WHAT TO PRODUCE
Copying rule for the data below: take the line containing "Valmatic Festo Partnership" and every line after it to the end, exactly, and drop all pictures.

━━━━━ SOURCE DATA ━━━━━

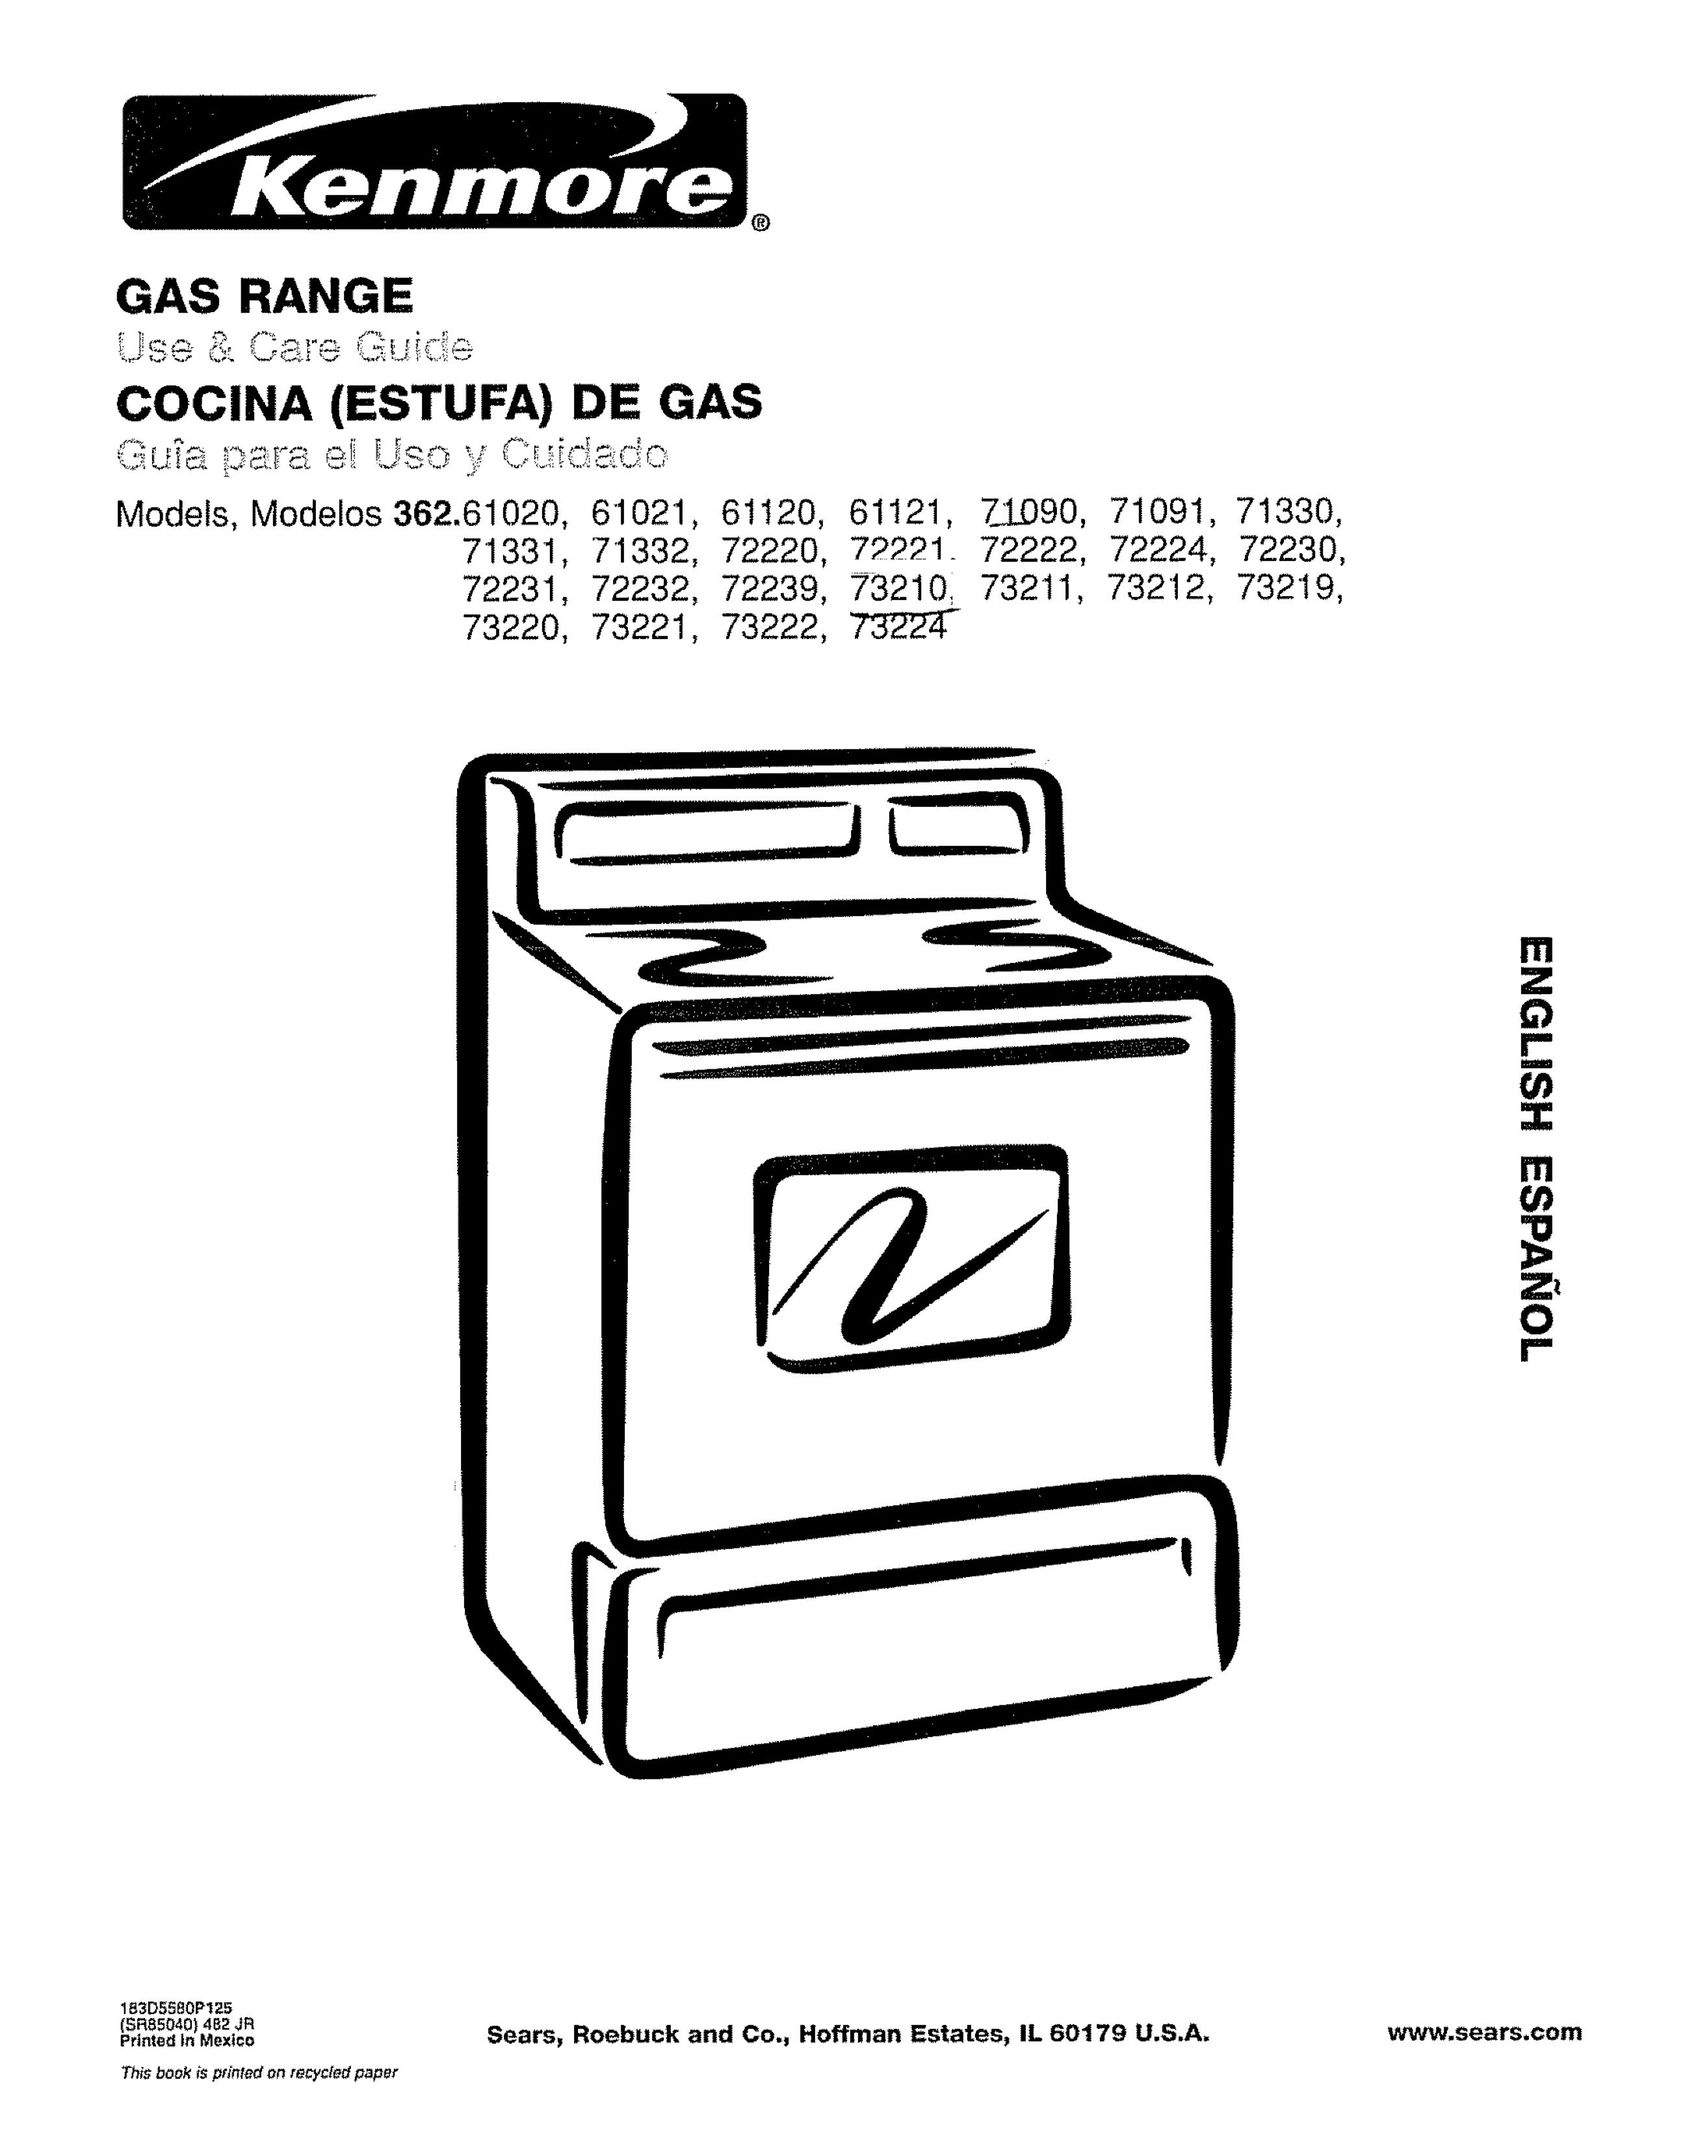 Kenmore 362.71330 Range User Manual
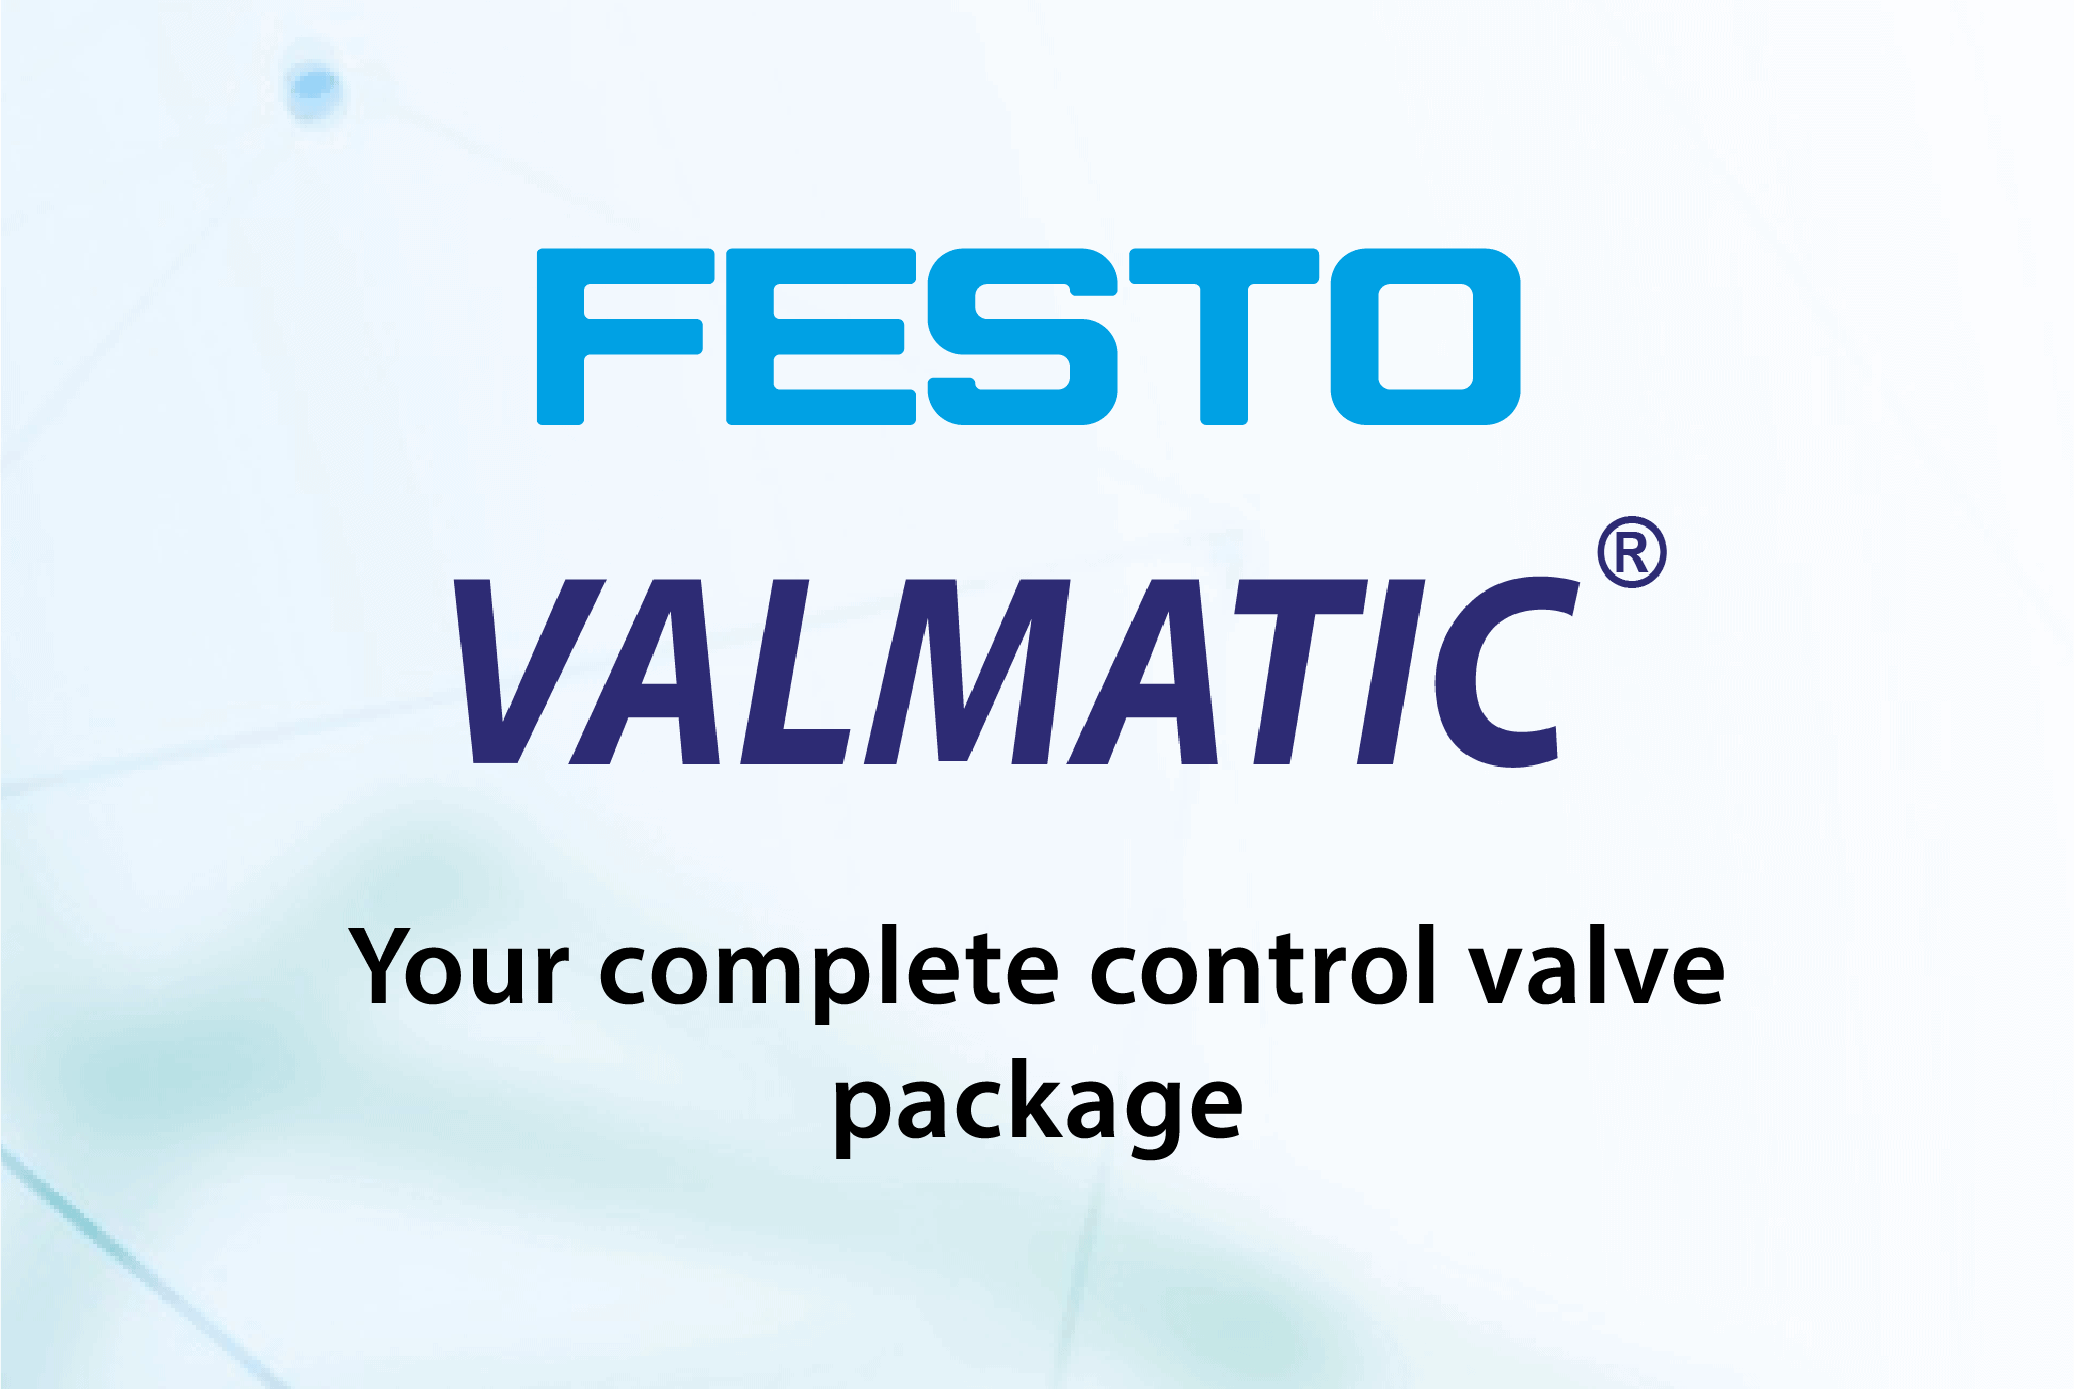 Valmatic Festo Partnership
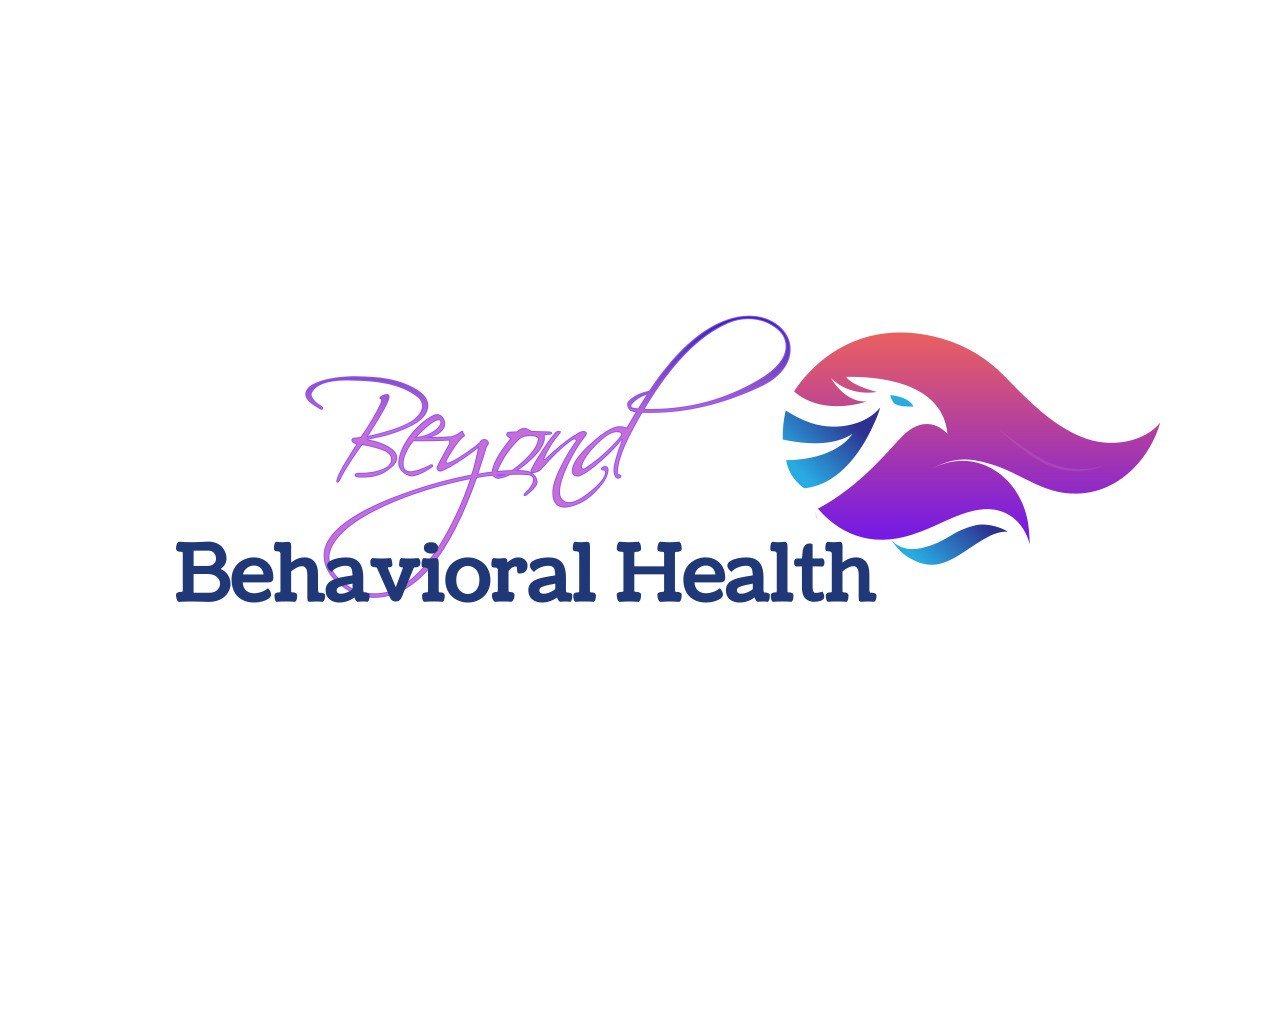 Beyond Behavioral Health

━━━━━

ANSWER BOX
 Valmatic Festo Partnership
 Beyond Behavioral Health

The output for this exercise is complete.